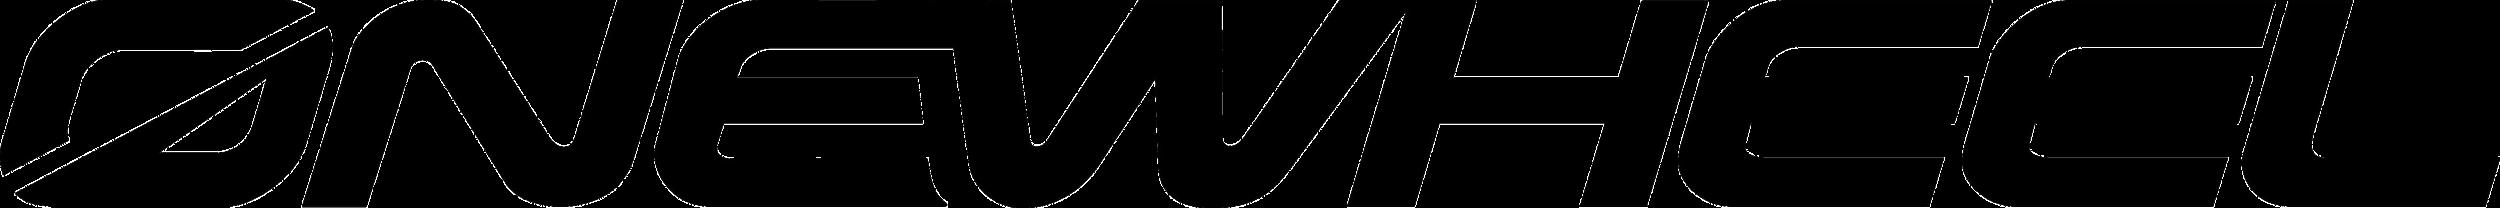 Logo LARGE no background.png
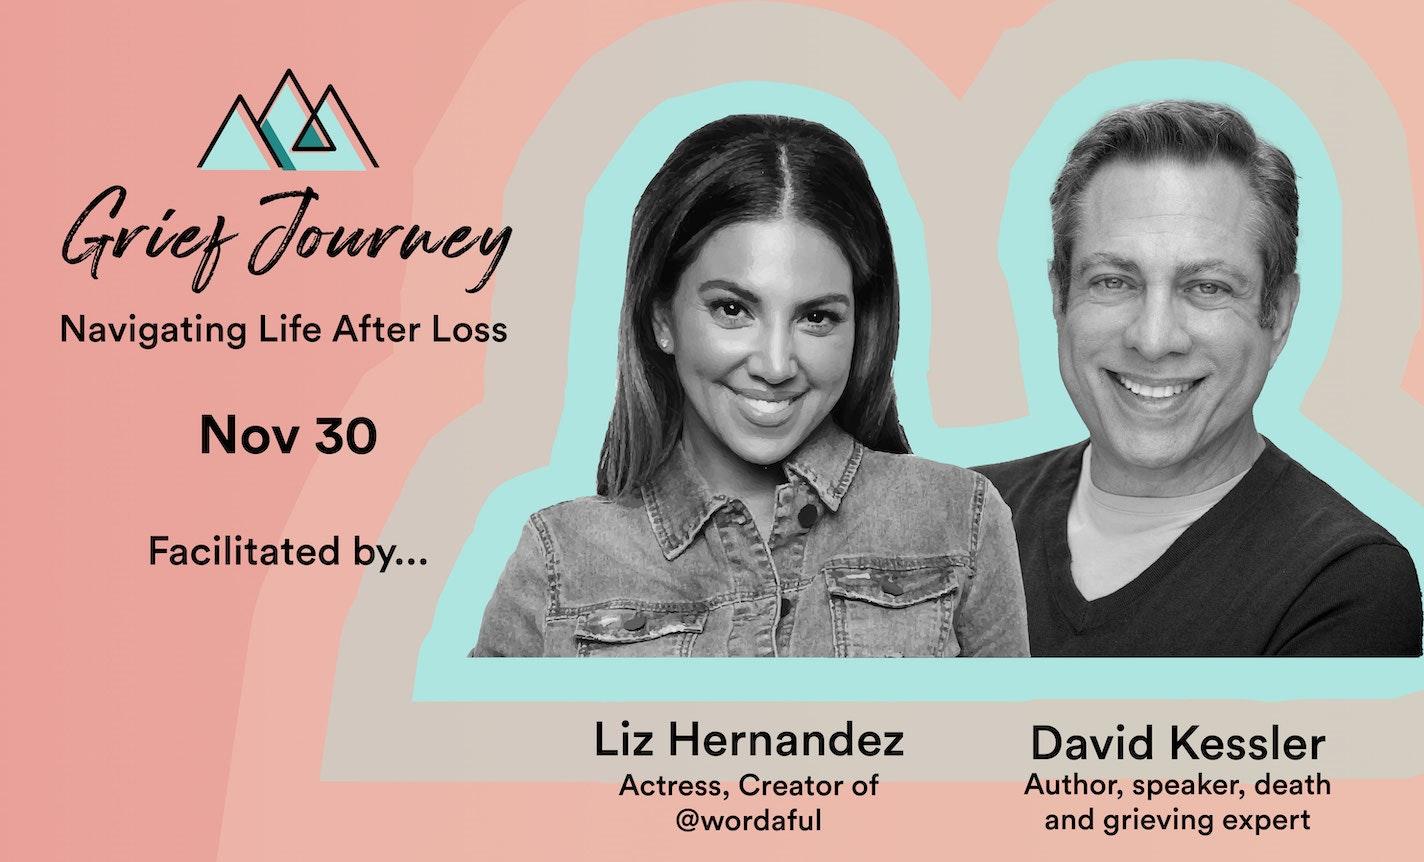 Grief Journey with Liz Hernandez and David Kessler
==
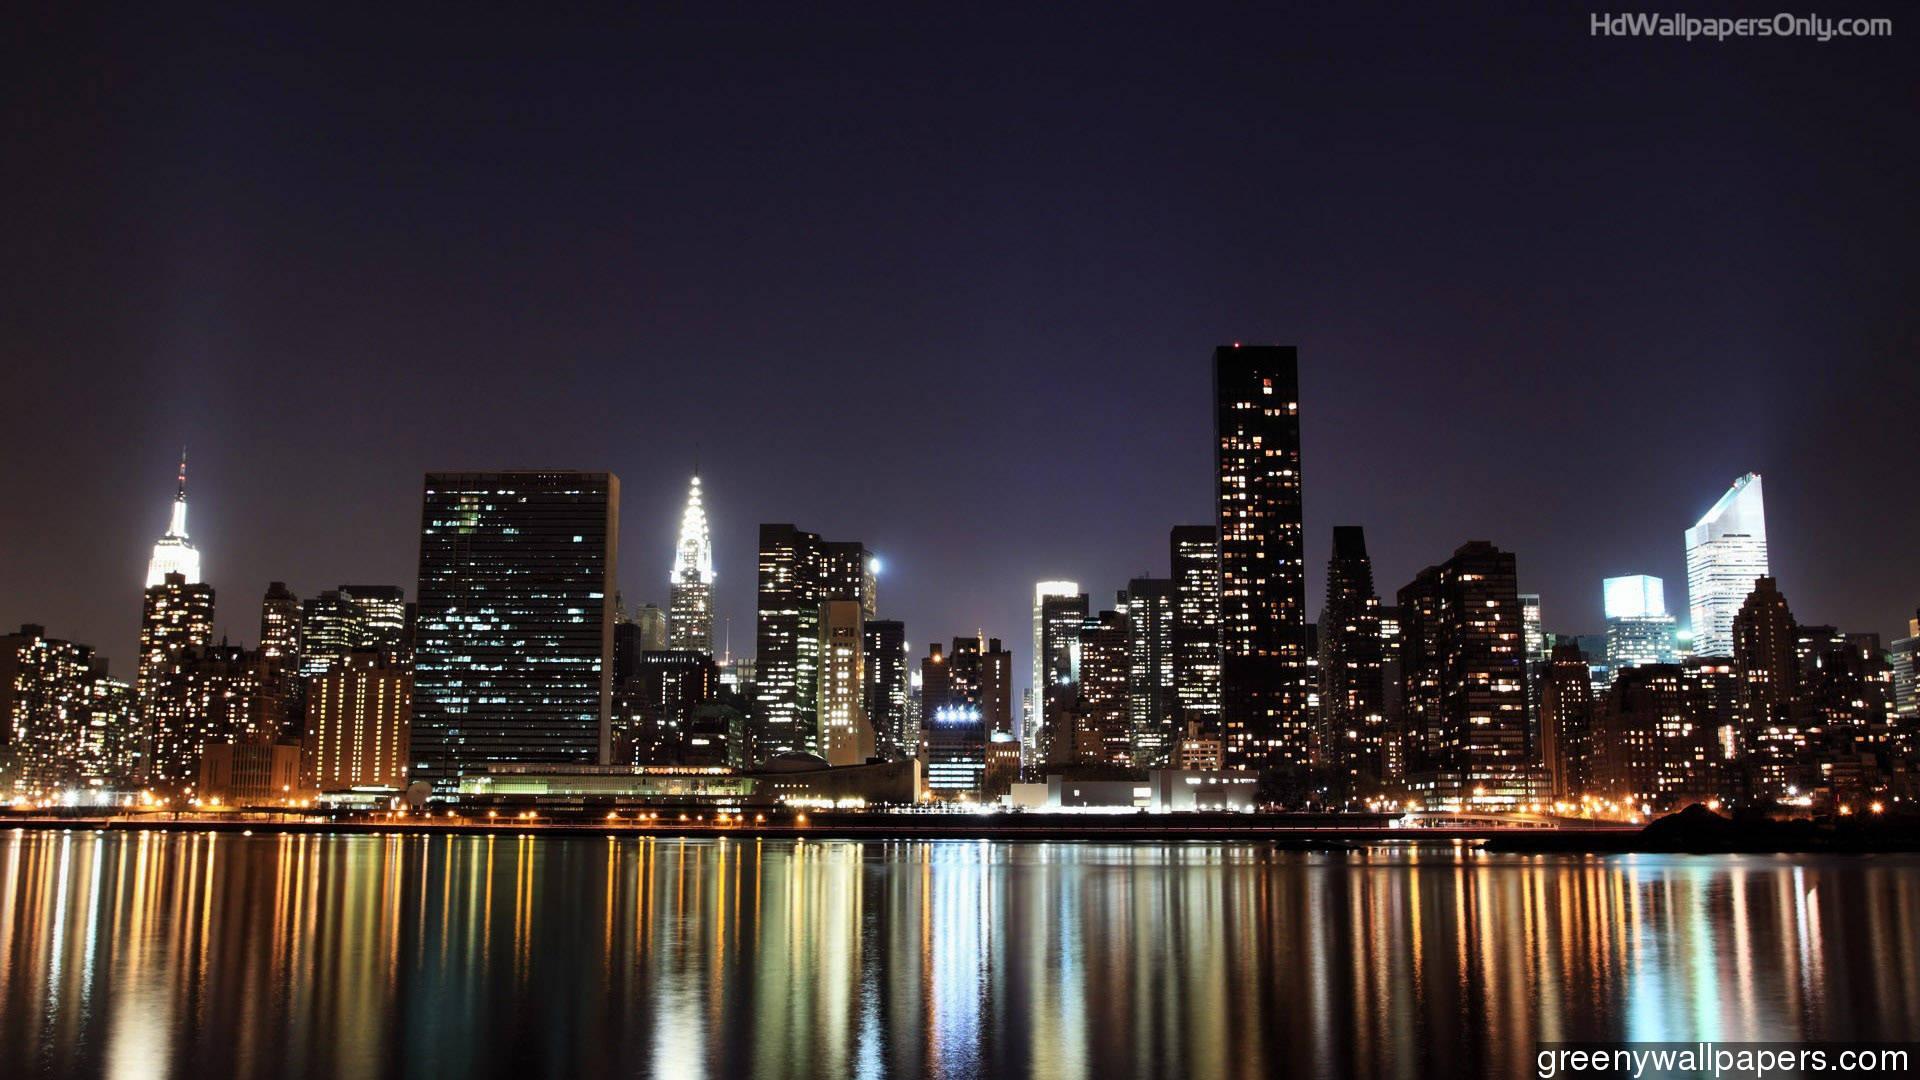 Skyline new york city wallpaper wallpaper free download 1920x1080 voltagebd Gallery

- [How to complete this task]:
Your copy should hold the lines from the one with "Logo LARGE no background.png" up to and including the one with "Grief Journey with", exactly as in the data above, and no pictures.

- [Reply to the task]:
 Logo LARGE no background.png
 Grief Journey with Liz Hernandez and David Kessler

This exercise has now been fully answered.